This document provides a comprehensive overview of the updated ONT-cappable-seq data analysis pipeline, now fully automated. For detailed information on individual steps, please refer to the old ONT-cappable-seq repository.
Note: This snakemake pipeline is designed for Linux systems! Windows users are advised to install Windows Subsystem for Linux (WSL) before proceeding with the installation.
-
Install Snakemake by following the instructions provided here.
-
Clone the ONT-cappable-seq2 repository to the desired location to obtain the Snakemake pipeline:
git clone https://github.com/LoGT-KULeuven/ONT-cappable-seq2.git
Obtain high-quality FASTA files for the reference genomes of the organisms you are studying and store them in the input/genome_data
directory.

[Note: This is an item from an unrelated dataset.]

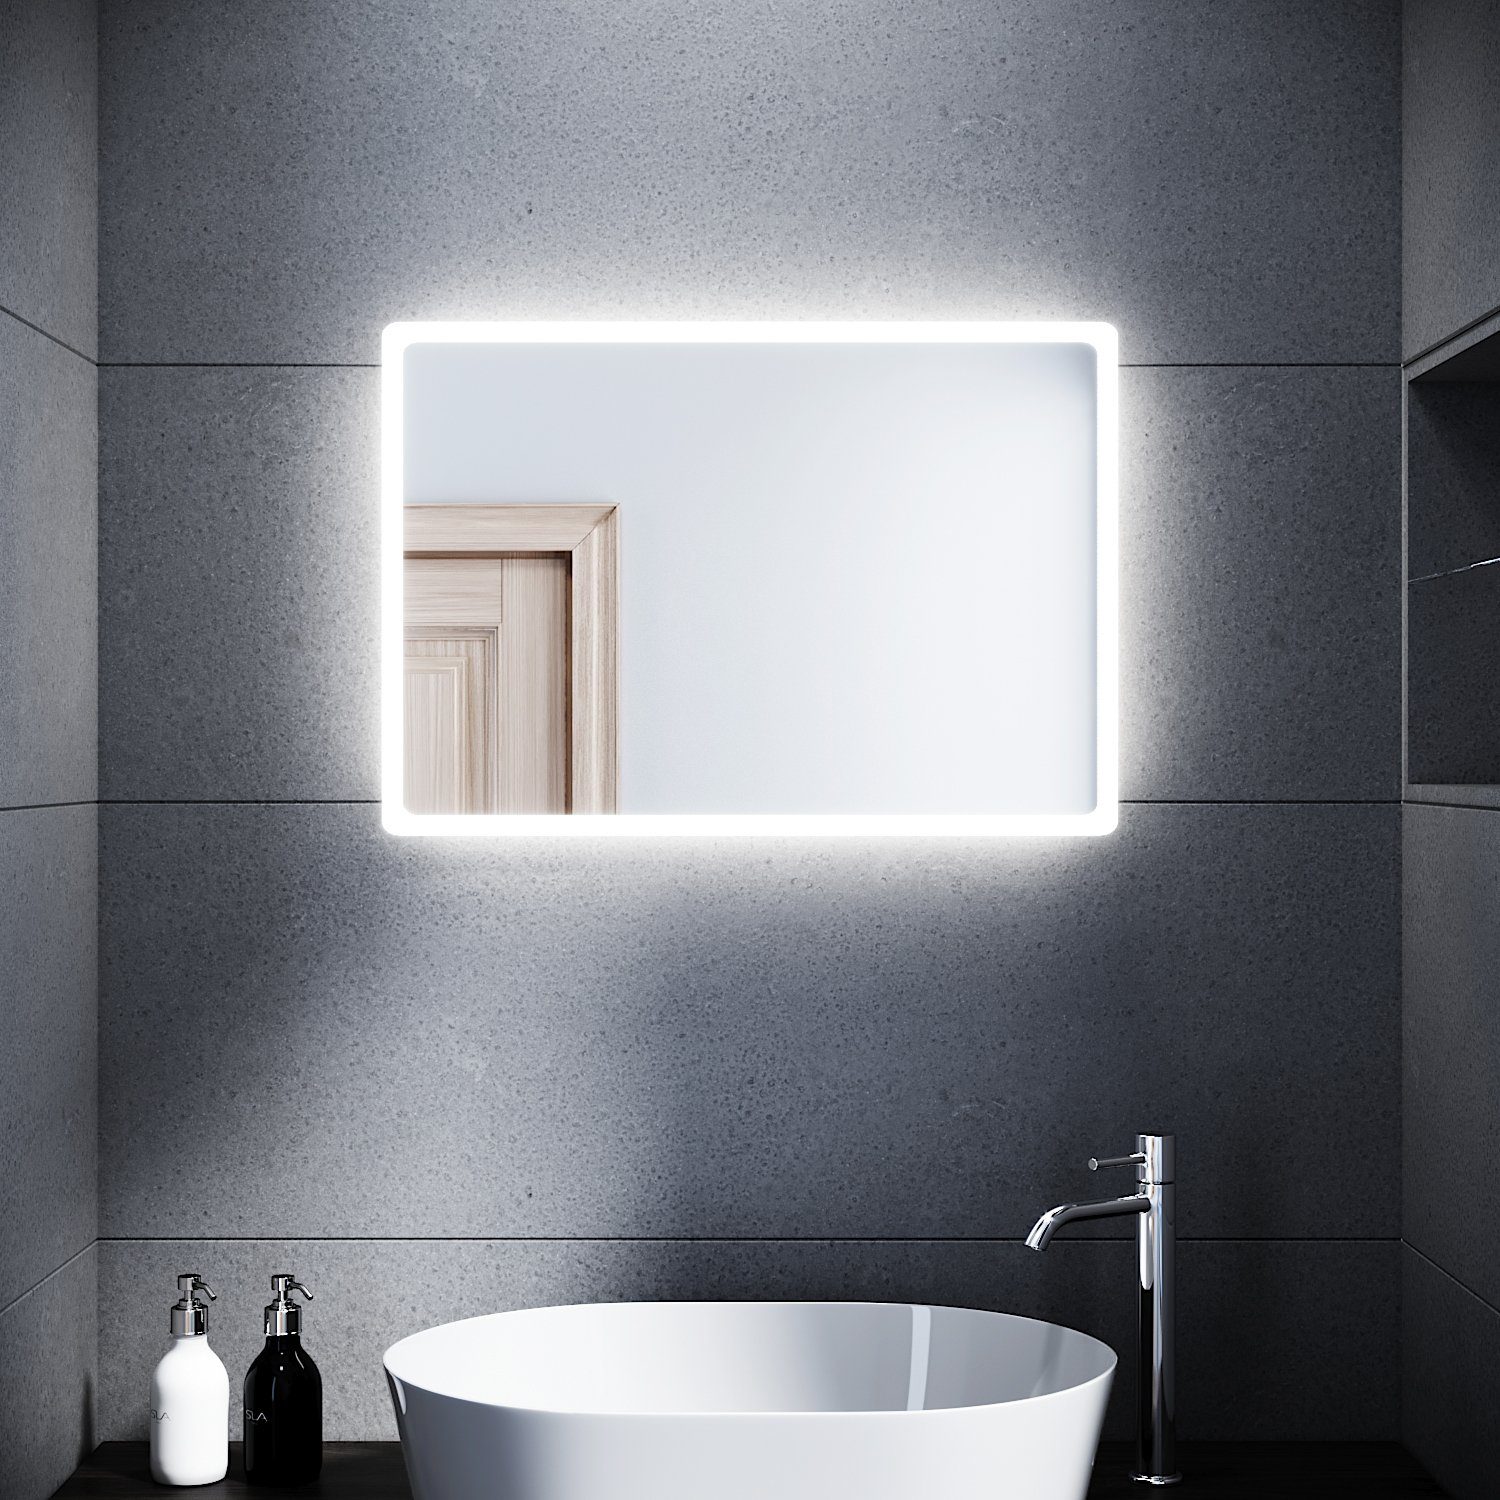 SONNI Badspiegel »Badspiegel mit Beleuchtung 80 x 60 cm Wandspiegel Spiegel«,  Badezimmerspiegel kaltweiß IP44 Badezimmer Bad Spiegel

For better organization, it is advisable to rename the FASTA files using the respective IDs of the phage or host, referred to as sampleID
. Additionally, download the FLuc Control Plasmid sequence used for in vitro transcription of the RNA control spike-in from the manufacturer's website. Save this sequence in an appropriate location.
ONT-cappable-seq2/
…
├── input/
| └── genome_data/
| ├── phageID.fasta
| ├── hostID.fasta
| └── in-vitro-RNA.fasta
Place the raw sequencing files in the input/fastq_data
directory and rename them to incorporate information about sampleID
and treatment (enriched or control sample). Ensure that each individual sample has a single decompressed .fastq file with an adequate number of reads and a suitable mean read length (> 200 bp). This naming convention and file organization will contribute to the clarity and efficiency of the analysis.
ONT-cappable-seq2/
…
├── input/
| ├─ fastq_data/
| ├── sampleID_enriched.fastq
| └── sampleID_control.fastq
| └── genome_data/
| ├── phageID.fasta
| ├── hostID.fasta
| └── in-vitro-RNA.fasta
-
Navigate to the
config
directory within the ONT-cappable-seq project folder. -
Open the
config.yaml
file. This file contains paths to your input files and various parameters used for annotating transcriptional boundaries. A general example of the config.yaml file is displayed below:
Sample name: sampleID
fasta file: input/genome_data/sampleID.fasta
enriched fastq: input/fastq_data/sampleID_enriched.fastq
control fastq: input/fastq_data/sampleID_control.fastq
ID: group
termseq alpha: 0.001
cluster width:
TSS: 15
TTS: 30
minimum coverage:
enriched:
TSS: 25
TTS: 25
control:
TSS: 2
TTS: 2
peak alignment error: 2
TSS Threshold: 1.5
TTS threshold: 0.25
TSS sequence extraction:
upstream: 40
downstream: 0
TTS sequence extraction:
upstream: 30
downstream: 30
- Sample name: Contains the name of your organism of interest (e.g., sampleID, LUZ19).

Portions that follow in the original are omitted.